If my dad were alive, he would have turned 74 today.  I know it is kind of ludicrous to say something like this.  James Madison was also born today, in 1751.  No one is saying, “If James Madison were alive today, he would be 261 years old.”  Of course not.  No one lives to be 261 years old.  Yet, people live to 74.  Every year, I will probably think about how old he should be, at least for a few more years.  Don’t get me wrong, I am not maudlin that he has passed on.  Dying is a part of living, and for whatever reason, he was not meant to see 74.

The way I miss my father is very different from the way I miss my mother.   The last time I saw and spoke with my mother was in March of 2006.  My father passed away three weeks to the day after my mother.  Yet, I feel like I have seen and talked to him since.  For whatever reason, periodically, he appears in my dreams.

“So what?” you think.  “We all dream about the ones we love.”

I agree.  However, these dreams are not about recalling a memory,  nor are they dreams of deep-seeded emotion that I have not quite allowed myself to feel or express.  These dreams are like memories to me.  You see, in these dreams I know he is dead,  yet we are together.

I am at the house I grew up living in.  I am walking through the front door, which is odd because we did not use the front door.  The front door was the way visitors and guests entered the house.  But here I am entering the door.  The house looks exactly the same.  Directly ahead is the hallway that leads to the kitchen.  To the left is the livingroom.  It looks the same as it did in 1975.  The carpeting is gold, the coffee tables are ornate, and the furniture is saffron and teal green.  I feel an urge to walk upstairs and see my old bedroom, but I am contained by the sight of my father.   He is walking toward me down the hall. 

“Dad.”  I run into his arms.  We hug– hard, and he kind of rubs my back with his knuckles.  He smells like Old Spice and cigarette smoke.  “You’re here.  I look at him and he is smiling.  “I miss you!”   I know he is dead.  I know we shouldn’t be hugging.  I know I should not be able to smell him, but I do.

“I miss you, too, Peachy Poo.  I miss you, too.” 

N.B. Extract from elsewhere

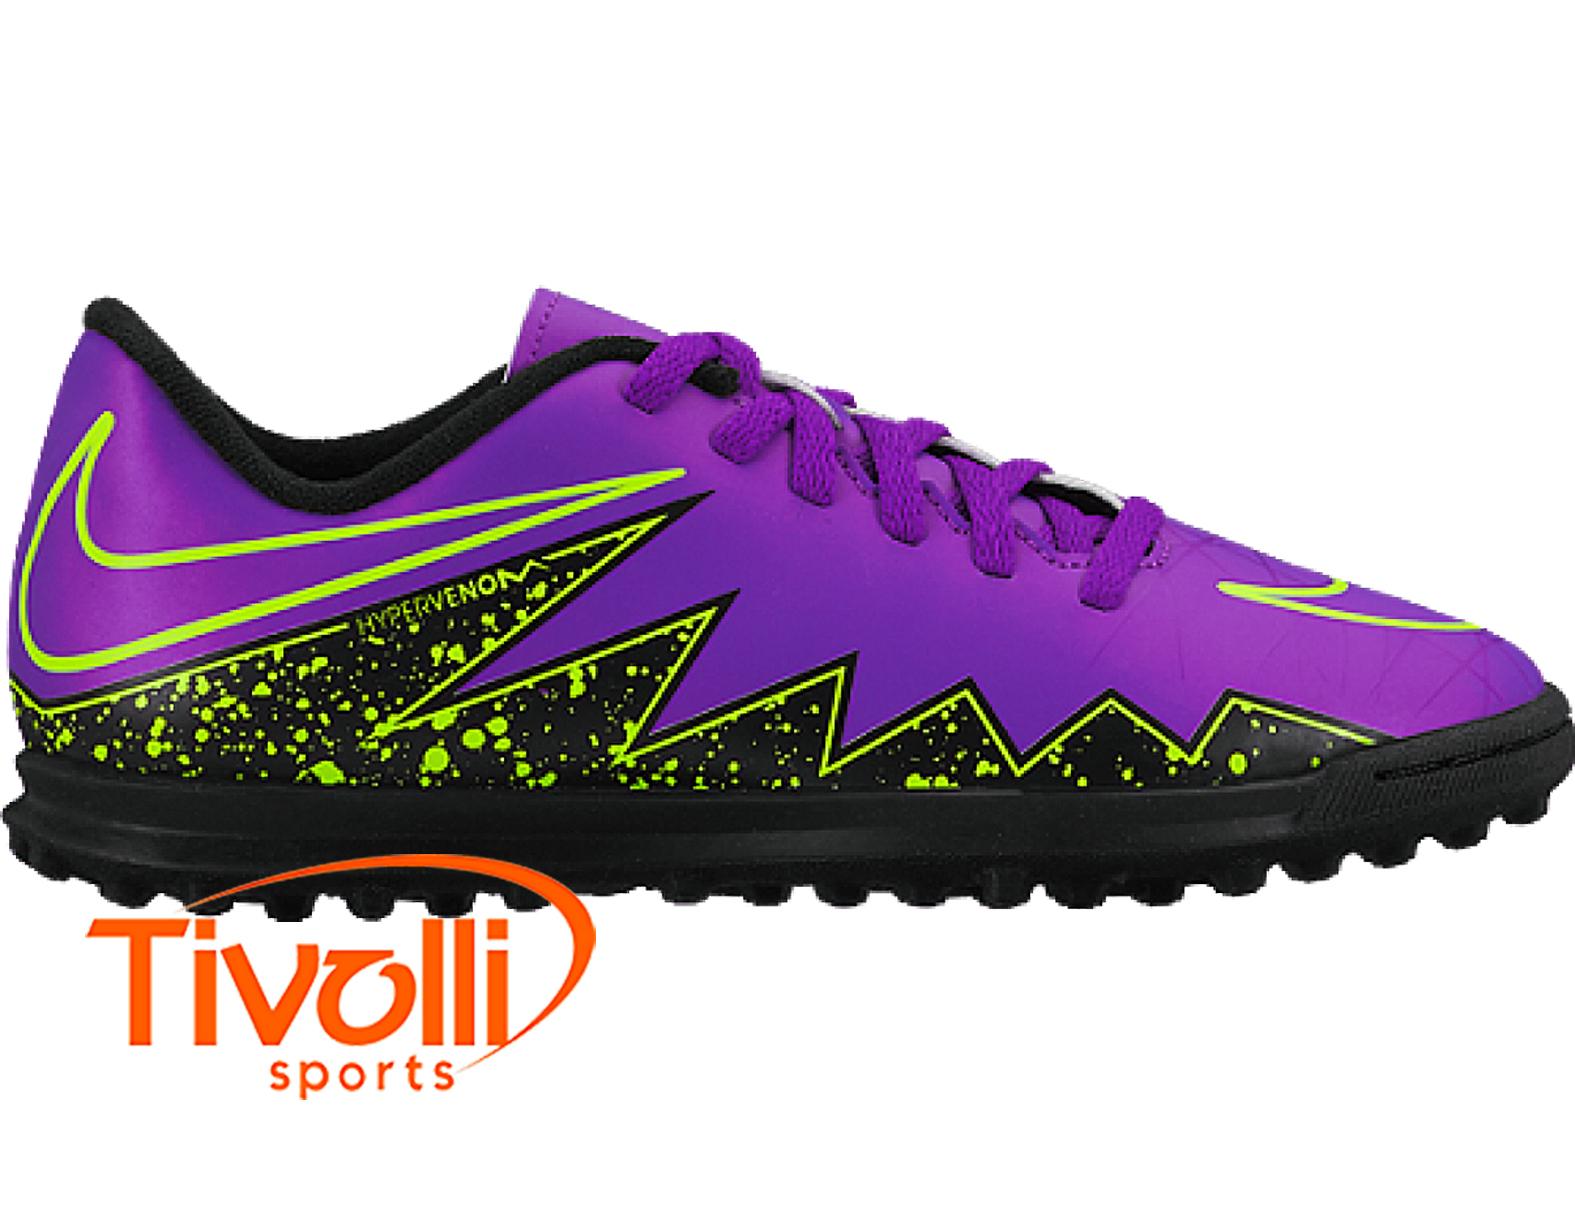 55cd169cc6882 Chuteira Nike JR Hypervenom Phade II TF Society Infantil

I awake.  This is usually all that it is.  A hug.  A smile.  A moment.  Always, in that house.

Frankly, I do not know what it means.   Maybe it is just my imagination  inventing an elaborate scenario so I can be with my father.   However, if that is the case, why do I know he is dead?  Wouldn’t I want it to be a memory of our life together, not an acknowledgement of my life without him?  Why do I only dream about my father in this manner?   I have never woken after dreaming about my mother thinking that I knew she was dead in the dream.

These dreams make me feel.  I feel serene.  I feel secure.  I feel steady.  I feel like my dad is watching over me, protecting me because I am his child.   I cannot say if these dreams are anything more than unconscious, involuntary images.  Nonetheless, I love when it happens.  I feel like these instances are a gift: to see him, to hug him, to be reminded so vividly of his smile, his smell, his voice.

I haven’t had one of these dreams in a while.  Maybe, I never will again.  However, like any good memory, I relish in the remembrance.  We were together.